To determine the effects of ITP serum/IgG on proplatelet formation (Figure 1C), cultured MK were treated with either serum or purified IgG from 19 ITP patients and nine normal controls and were evaluated 5 days later. Based on the effect of their sera on the proplatelet production of MK, the ITP patients could be divided into two groups (Figure 1D): group A, comprising eight patients whose sera significantly reduced the number of proplatelet-bearing MK (P<0.0001), and group B, consisting of 11 patients whose sera did not affect the number of proplatelet-bearing MK (P=0.14). We next analyzed the correlation between serum and IgG results in terms of proplatelet formation. Unexpectedly, IgG from 13 ITP patients reduced the number of proplatelet-bearing MK (P<0.0001), while the rest had no effect (Figure 1E). The patients’ samples were, therefore, finally categorized as shown in Figure 1F.

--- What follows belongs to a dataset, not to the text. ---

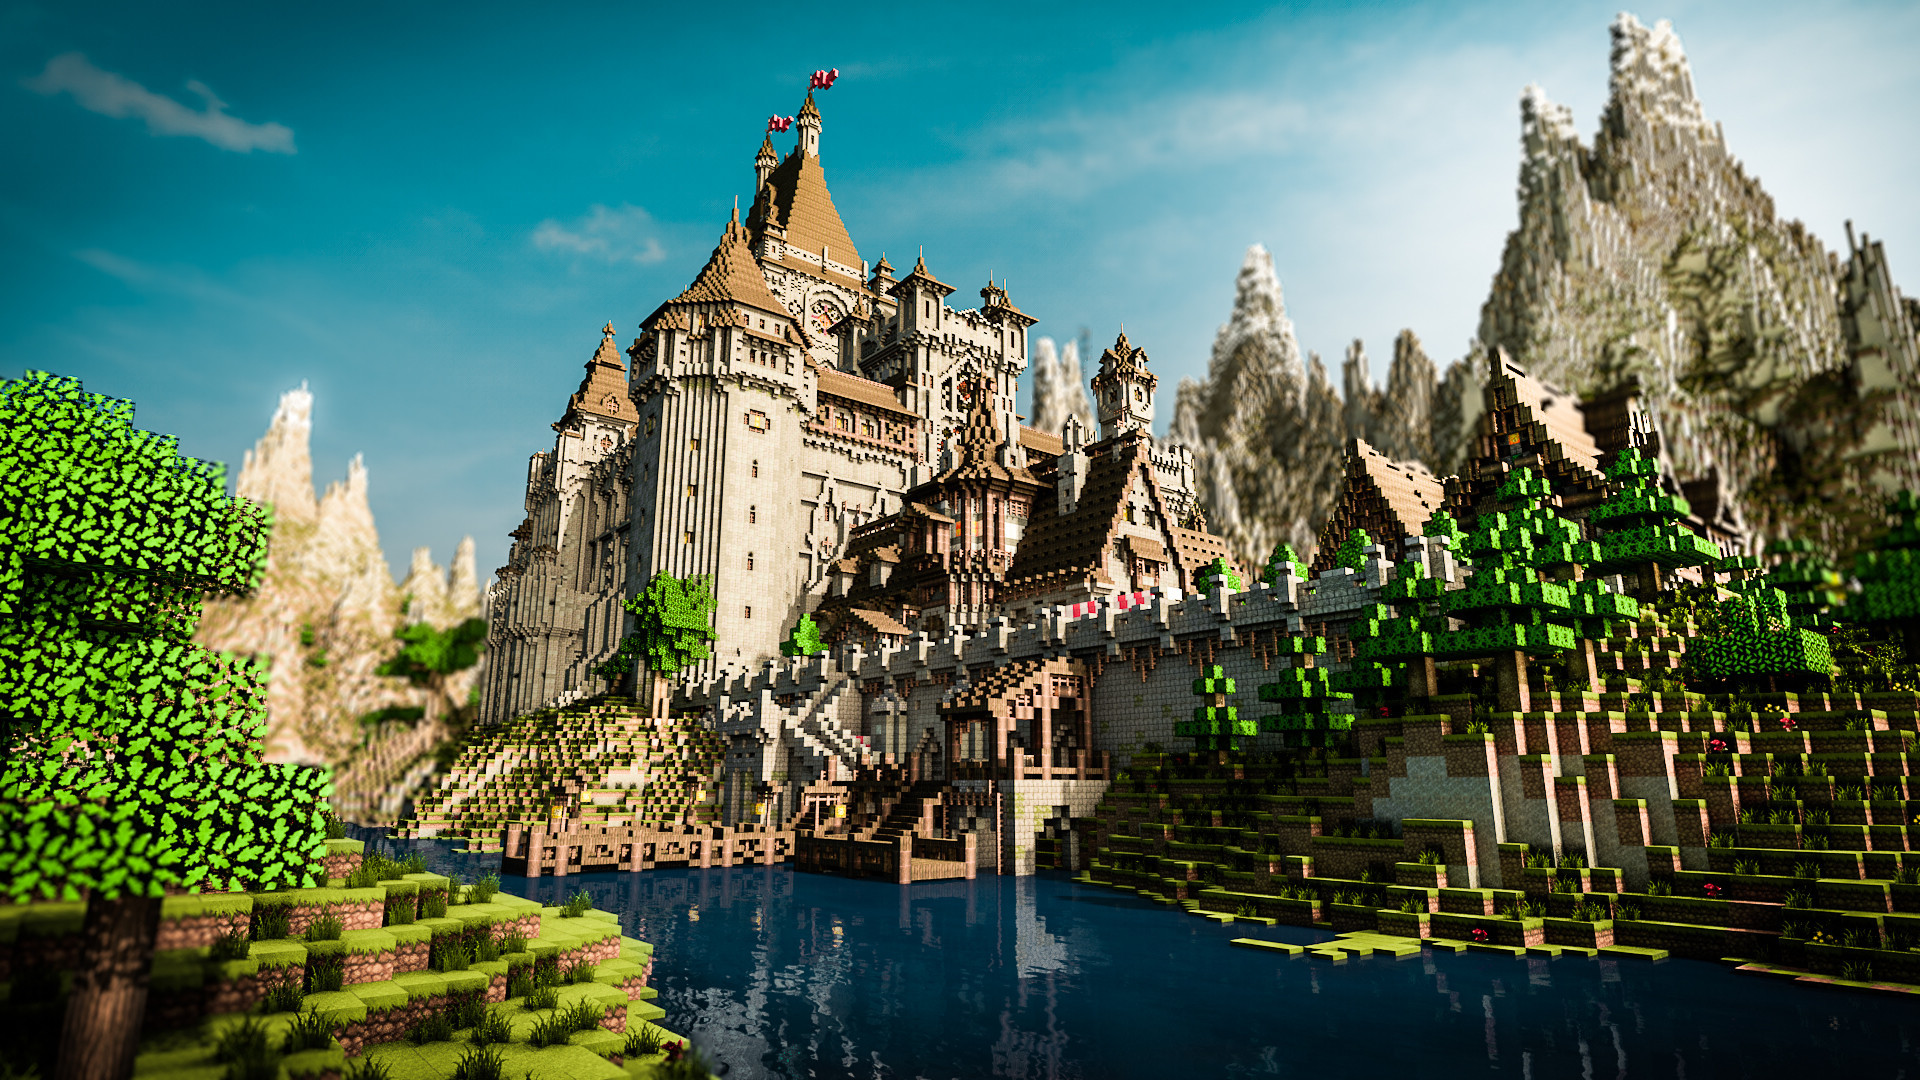 1920x1080 I just finished my first ever minecraft Render/Wallpaper. What do you think?

Sera from group A patients (n=8) caused significant reductions in the number of proplatelet-bearing MK/10MK compared to sera from the control group (mean ± SD: 2.5±2.3 versus 12.9±1.7; P<0.0001) (Figure 2A), while group B1 and group B2 sera did not significantly alter the number of proplatelet-bearing MK/10MK compared to sera from the control group (mean ± SD: 14.3±8.2 versus 8.9±3.5; P=0.22 and mean ± SD: 8.1±2.4 versus 6.7±1.7; P=0.27, respectively) (Figure 2B,C). Interestingly, three sera from group A (called ITP1, ITP2 and ITP3) completely abolished proplatelet formation (Figure 2A, open triangles). We then analyzed the potential role of the antiplatelet antibody fraction from ITP serum in the inhibition of proplatelet formation. Both serum and IgG from group A patients reduced proplatelet formation (Figure 2A) (mean ± SD: 2.6±1.9 versus 7.1±2.5 control IgG; P=0.0012). Although group B1 serum did not affect proplatelet formation, the purified total IgG from this group was able to reduce the number of proplatelet-bearing MK (Figure 2B) (mean ± SD: 2.7±0.99 versus 6.2±1.6 control IgG; P=0.003). As expected, IgG from group B2 did not significantly change the number of proplatelet-bearing MK/10MK (mean ± SD: 5.3±2.6 versus 2.7±1.4 control IgG; P=0.059), (Figure 2C). Together, these results show that purified IgG from most ITP patients leads to a marked decrease in proplatelet formation capacity of MK. To determine whether the impairment of proplatelet formation from cultured MK attenuates their ability to release platelets, we treated MK with ITP or control sera and the platelets released in culture were counted 6 days later (Figure 3A). As group A sera inhibited proplatelet formation, the number of platelets was also significantly reduced (Figure 3B) (mean ± SD: 208 ± 94×10 versus 338 ± 80 × 103; P=0.01). On the other hand, the number of platelets was not altered in cultures treated with group B sera (mean ± SD: 346±152×10 versus 262±97×10; P=0.14) (Figure 3B). These results are consistent with the findings on proplatelet formation.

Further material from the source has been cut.